**Task**.
Among the lines below, a stretch begins at the one with "ハンズフリー通話 音楽 ブルー" and ends at the one with "Schema che mostra". Repeat that stretch exactly, ends included.

**Material provided**.
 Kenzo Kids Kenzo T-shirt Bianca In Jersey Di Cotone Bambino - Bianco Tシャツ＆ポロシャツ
--
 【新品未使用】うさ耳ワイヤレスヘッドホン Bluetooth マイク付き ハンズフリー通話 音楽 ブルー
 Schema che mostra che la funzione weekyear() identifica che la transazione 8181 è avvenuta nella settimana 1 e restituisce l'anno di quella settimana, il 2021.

**Solution to the problem**.
 【新品未使用】うさ耳ワイヤレスヘッドホン Bluetooth マイク付き ハンズフリー通話 音楽 ブルー
 Schema che mostra che la funzione weekyear() identifica che la transazione 8181 è avvenuta nella settimana 1 e restituisce l'anno di quella settimana, il 2021.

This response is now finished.